* **AIM OF THE TASK**
Once the pictures are set aside, copy the data below exactly as it stands.

* **DATA PROVIDED**
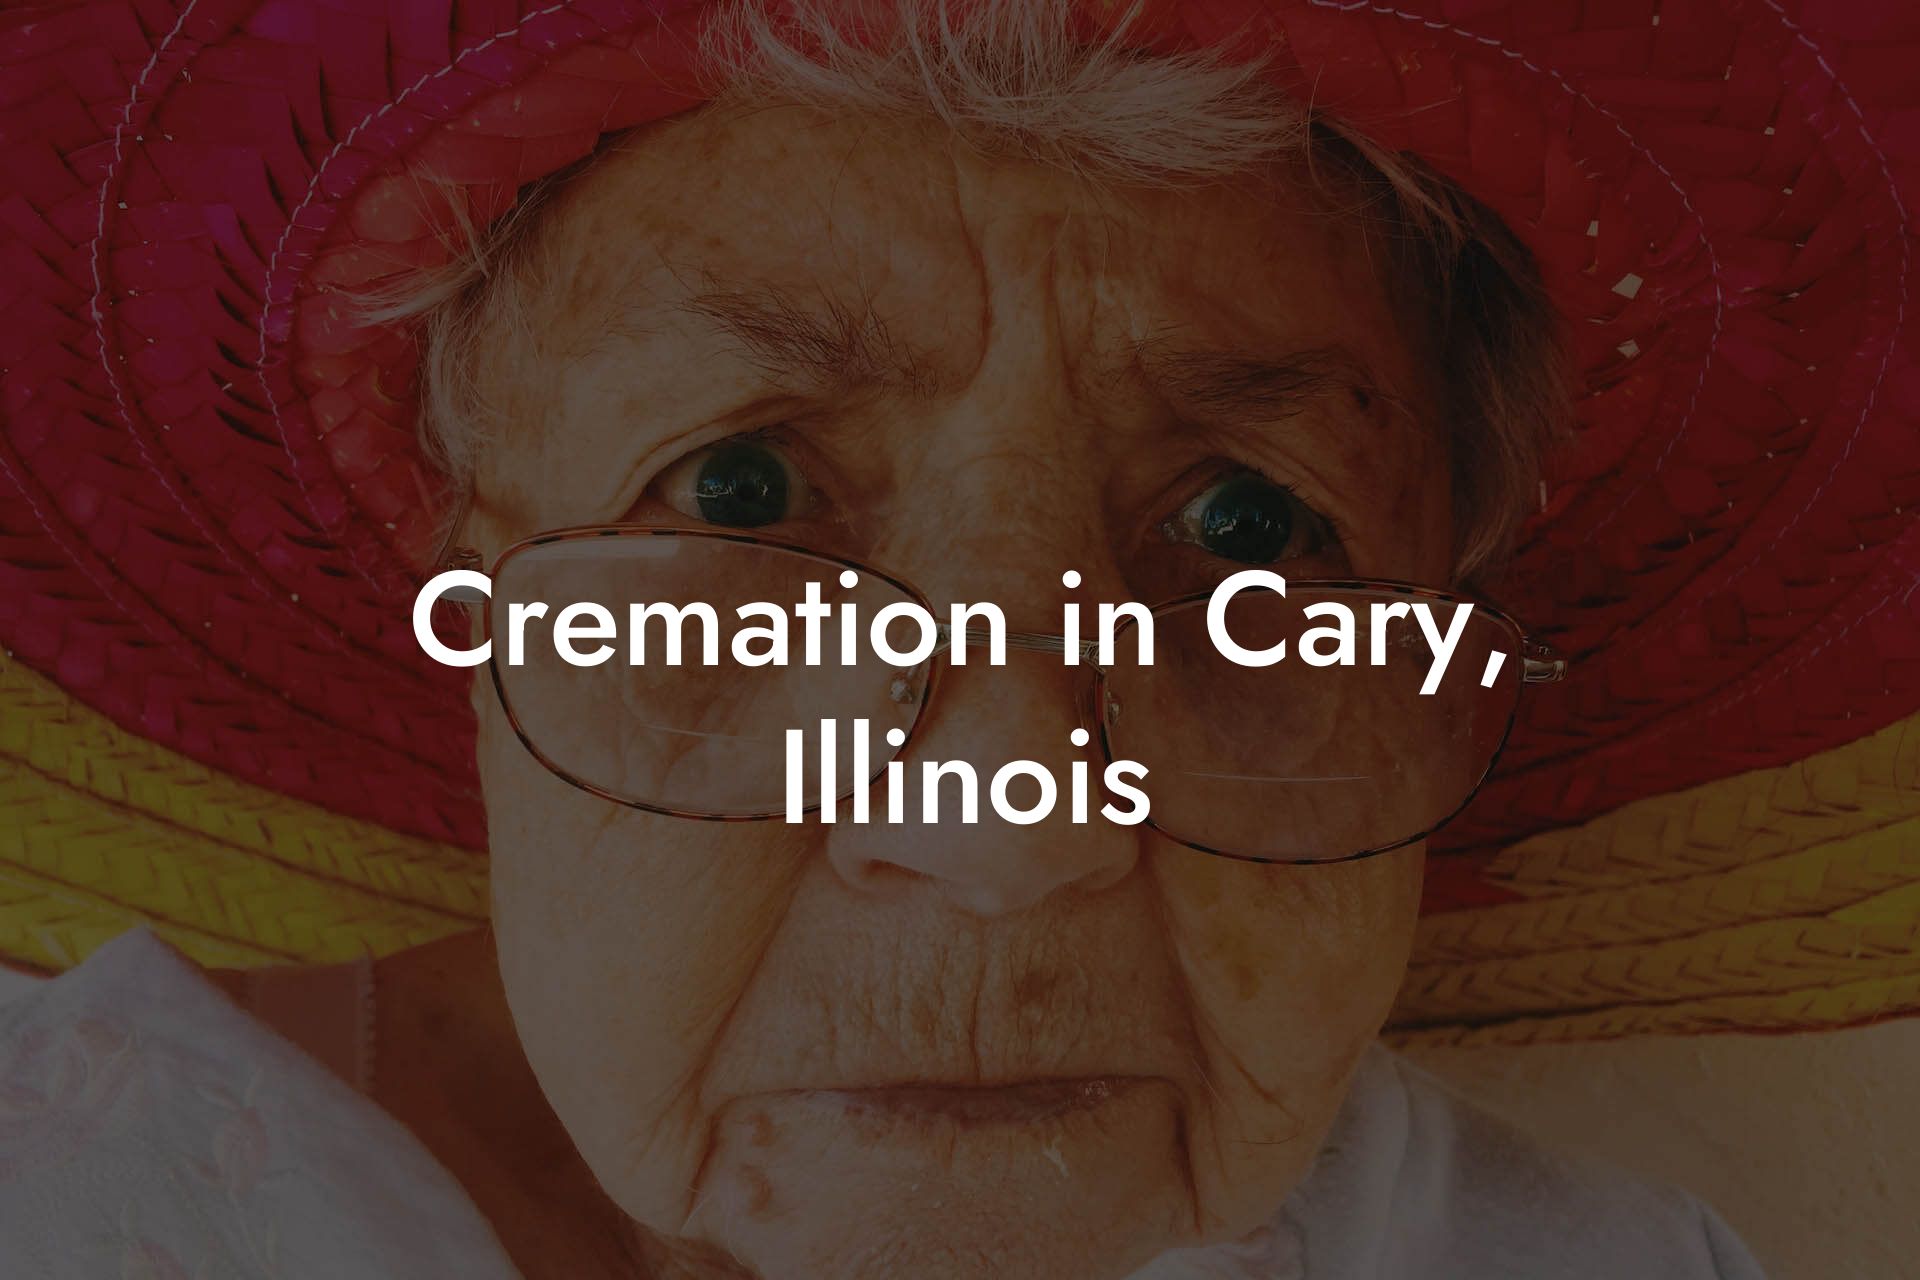 Cremation in Cary, Illinois
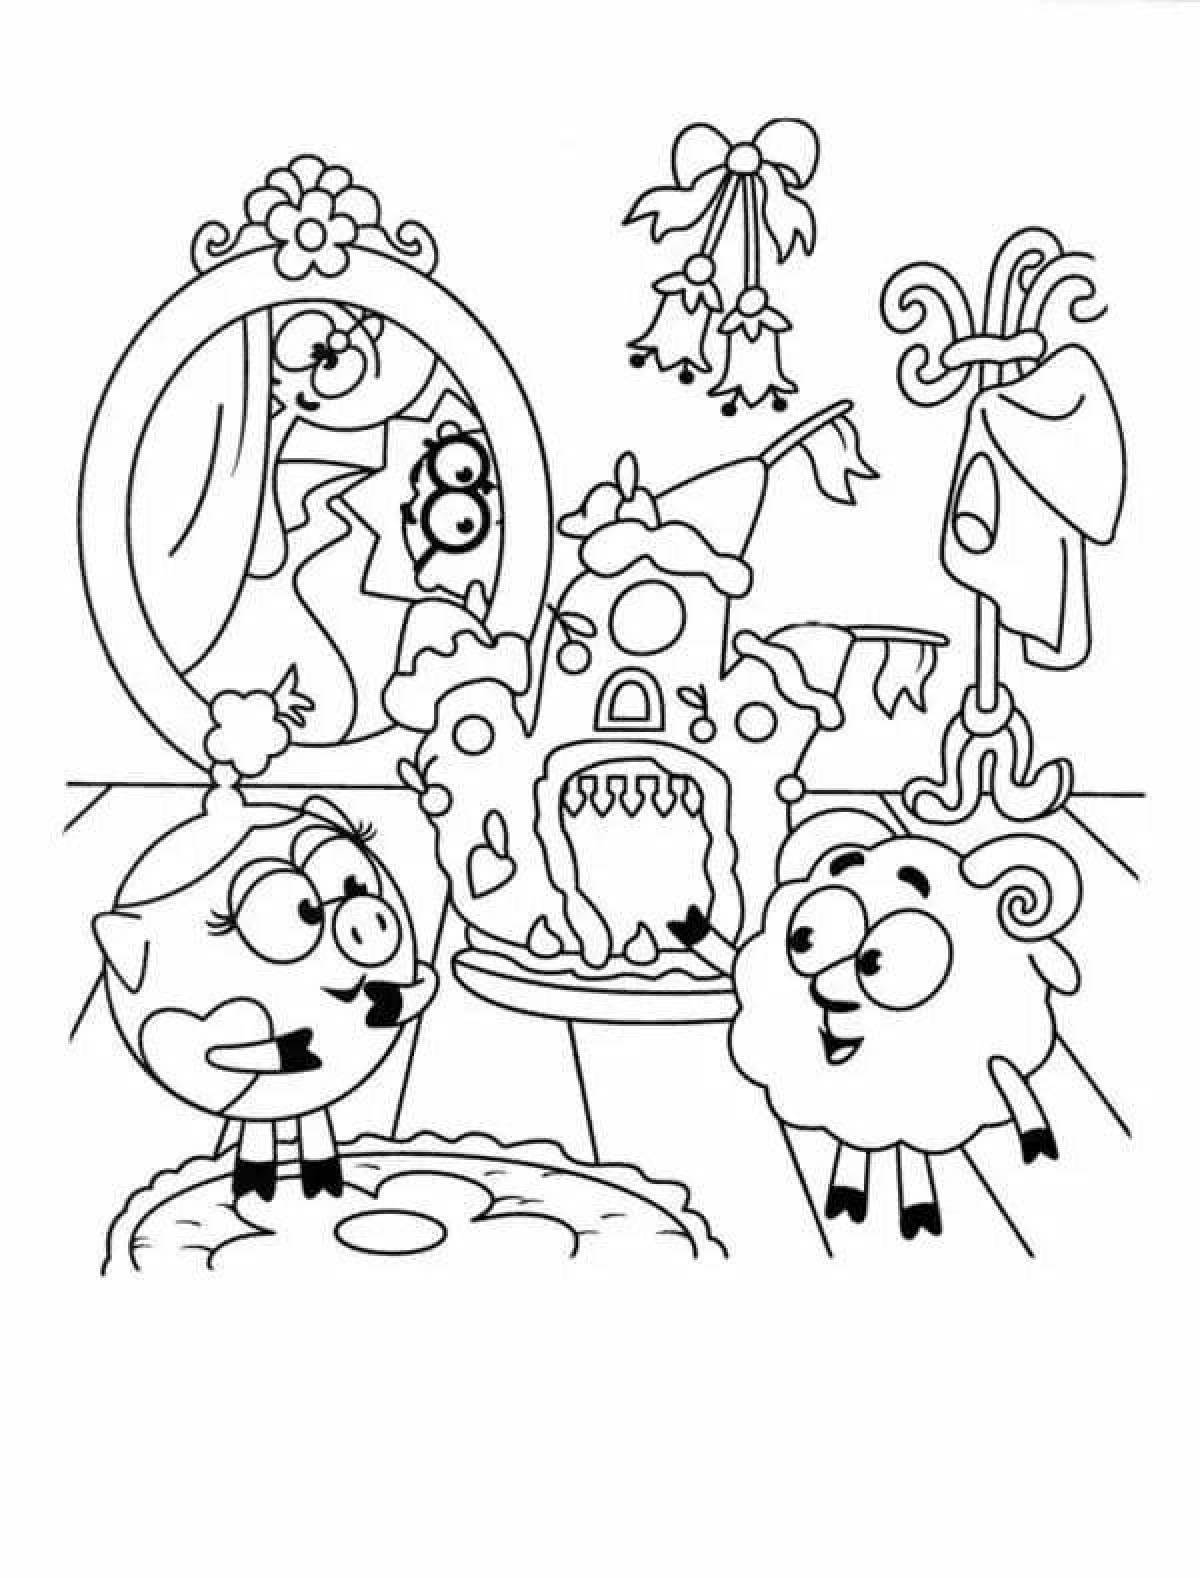 Delightful smeshariki coloring pages
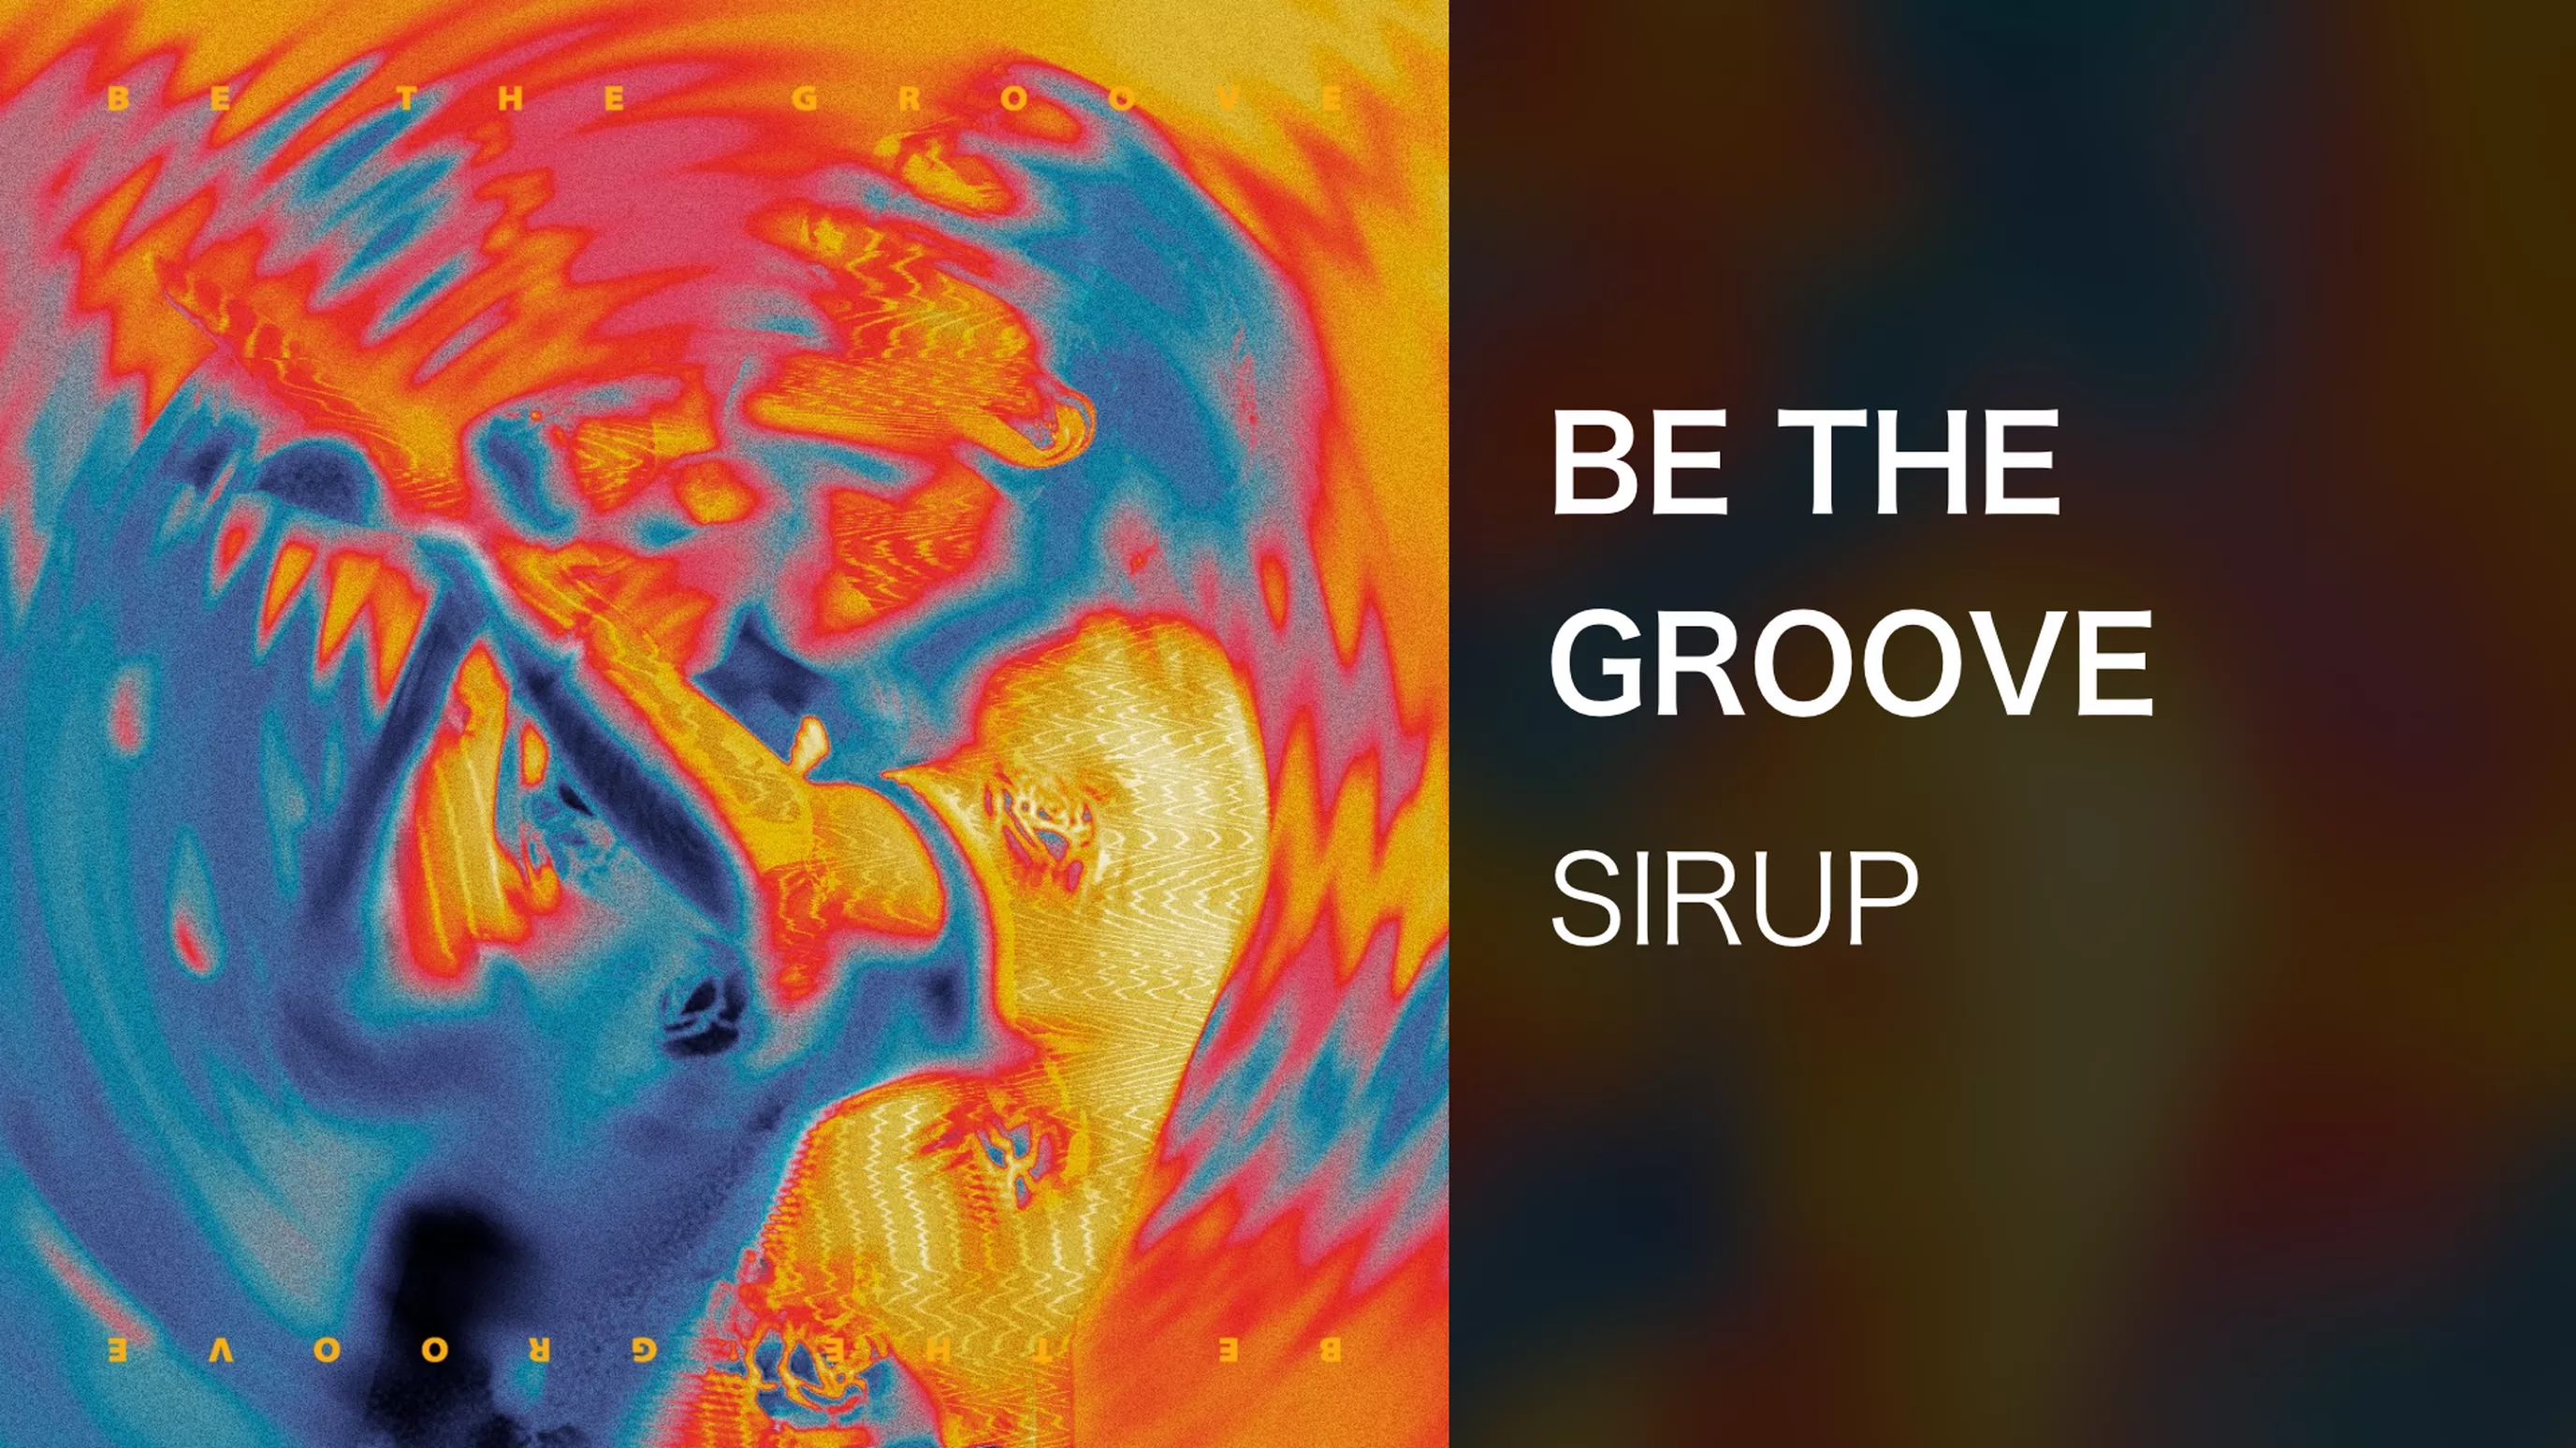 BE THE GROOVE
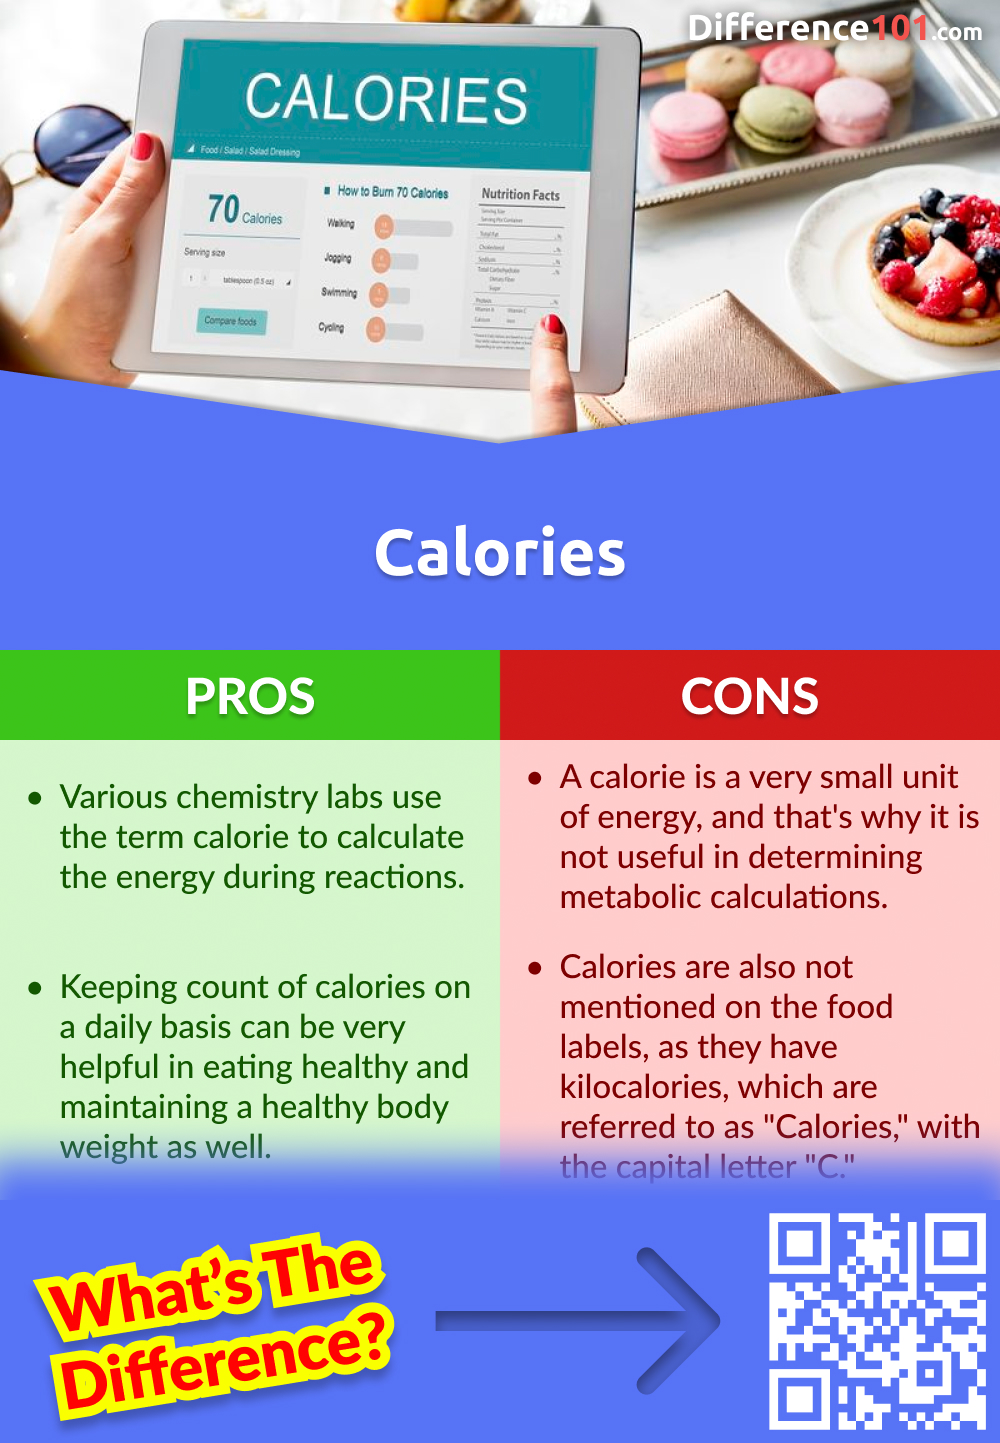 Calories Pros and Cons

* **WRITTEN SOLUTION**
 Cremation in Cary, Illinois
 Delightful smeshariki coloring pages
 BE THE GROOVE
 Calories Pros and Cons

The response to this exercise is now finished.